DESCRIPTION OF THE EMBODIMENTS
[0020] Hereinbelow, exemplary embodiments of the present invention
will be described with reference to the drawings.
[0021] FIG. 1 is a schematic configuration diagram illustrating a
laser beam printer (hereinbelow, referred to as a printer) serving
as an image forming apparatus according to a first exemplary
embodiment. A photosensitive drum 1 is driven to rotate in an arrow
direction, and the surface of the photosensitive drum 1 is evenly
charged by a charging roller 2 as serving a charging device. A
laser scanner 3 performs scanning exposure with a laser beam L
which is on-and-off controlled according to image information,
thereby forming an electrostatic latent image. A developing device
4 causes toner to adhere onto the electrostatic latent image to
develop a toner image on the photosensitive drum 1. Then, at a
transfer nip portion, which is a pressure contact portion between a
transfer roller 5 and the photosensitive drum 1, the toner image
formed on the photosensitive drum 1 is transferred onto a recording
material P, which is a heated material conveyed from a sheet
supplying cassette 6, at predetermined timing. At that time, for
the purpose of synchronization, a top sensor 8 detects a leading
end of the recording material P conveyed by a conveyance roller 9
so that a position where the toner image is formed on the
photosensitive drum 1 is matched with a recording position of the
leading end of the recording material P. The recording material P
conveyed to the transfer nip portion at the predetermined timing is
pinched and conveyed between the photosensitive drum 1 and the
transfer roller 5 with a constant pressure. The recording material
P onto which the toner image is transferred is conveyed to a fixing
device 7, and the fixing device 7 heats the toner image to fix the
toner image onto the recording material P. Then the recording
material P is discharged on an output tray.

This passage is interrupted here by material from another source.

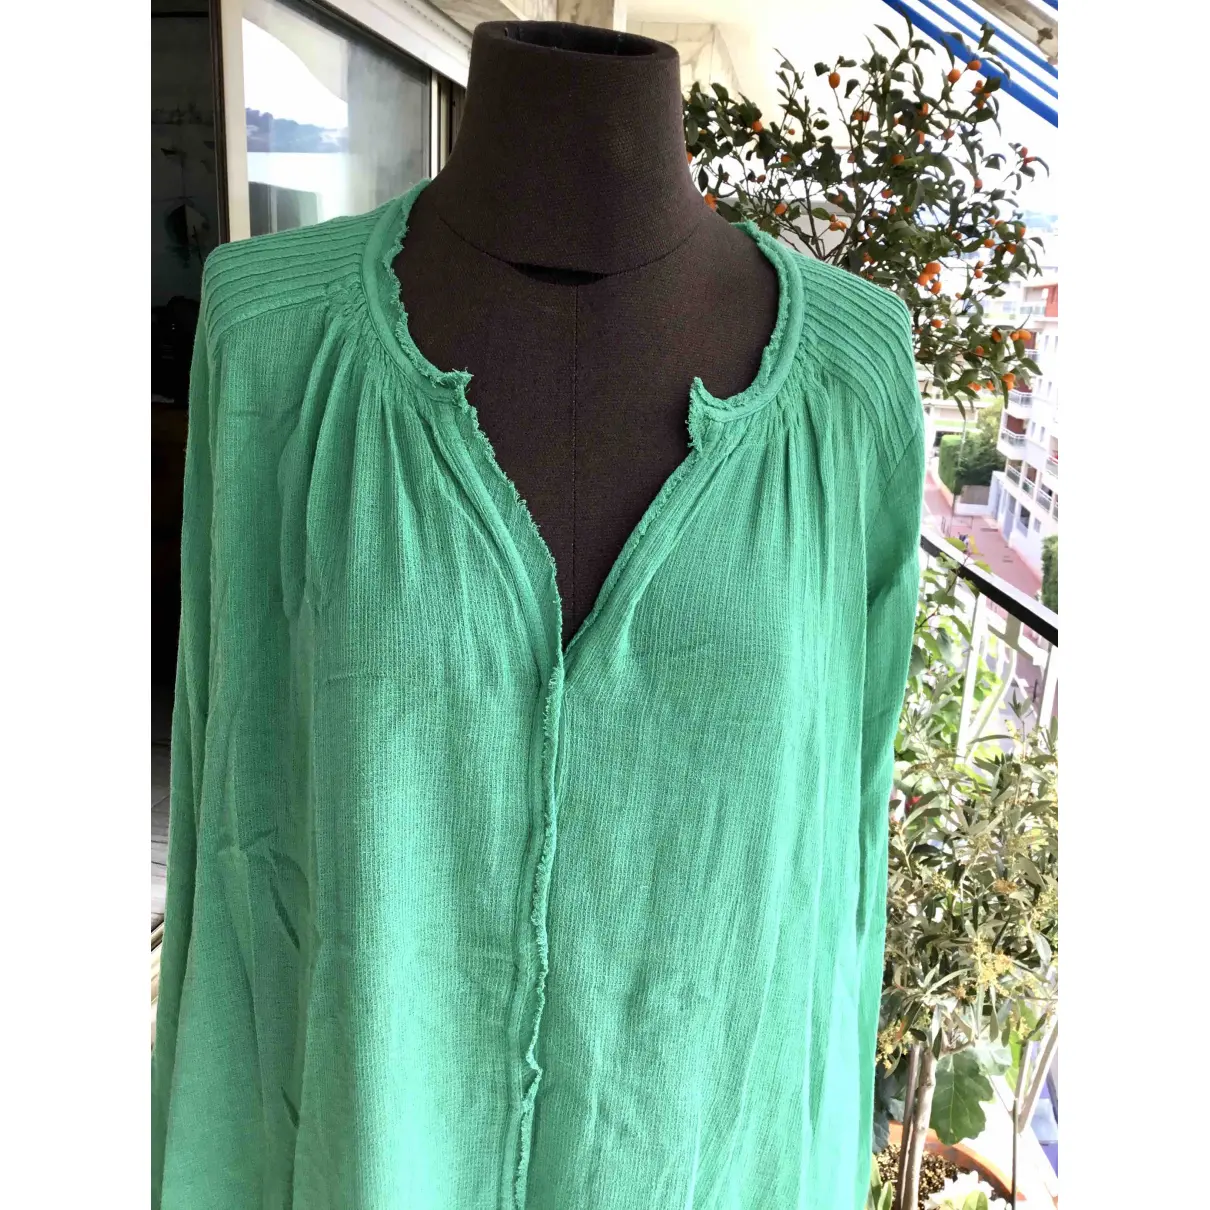 Buy Ba&sh Spring Summer 2020 blouse online

[0022] Next, the fixing device 7 according to the present exemplary
embodiment will be described below. FIG. 2 is a sectional view of
the fixing device 7. The fixing device 7 includes a cylindrical
film 11, a heater 12 that is in contact with the inner surface of
the film 11, and a pressure roller 20 that constitutes a fixing nip
portion N together with the heater 12 via the film 11
therebetween.
[0023] The film 11 serving as a fixing member includes a base layer
and a release layer that is formed outside the base layer. The base
layer is made of a heat-resistant resin such as polyimide,
polyamide-imide, and polyetheretherketone (PEEK). In the present
exemplary embodiment, polyimide that is the heat-resistant resin
having a thickness of 65 .mu.m is used as the base layer. The
release layer is formed by coating a single heat-resistant resin
having a good release property, such as a fluororesin such as
polytetrafluoroethylene (PTFE), p fluorophenylalanine (PFA), and
fluorinated ethylene-propylene copolymer (FEP) and a silicone
resin, or a combination thereof. In the present exemplary
embodiment, the release layer is formed by coating PFA of the
fluororesin having a thickness of 15 .mu.m on the base layer. The
film 11 of the present exemplary embodiment has a length of 240 mm
in a lengthwise direction to be able to pass a letter size (width
of 216 mm) sheet, and has an outer diameter of 24 mm.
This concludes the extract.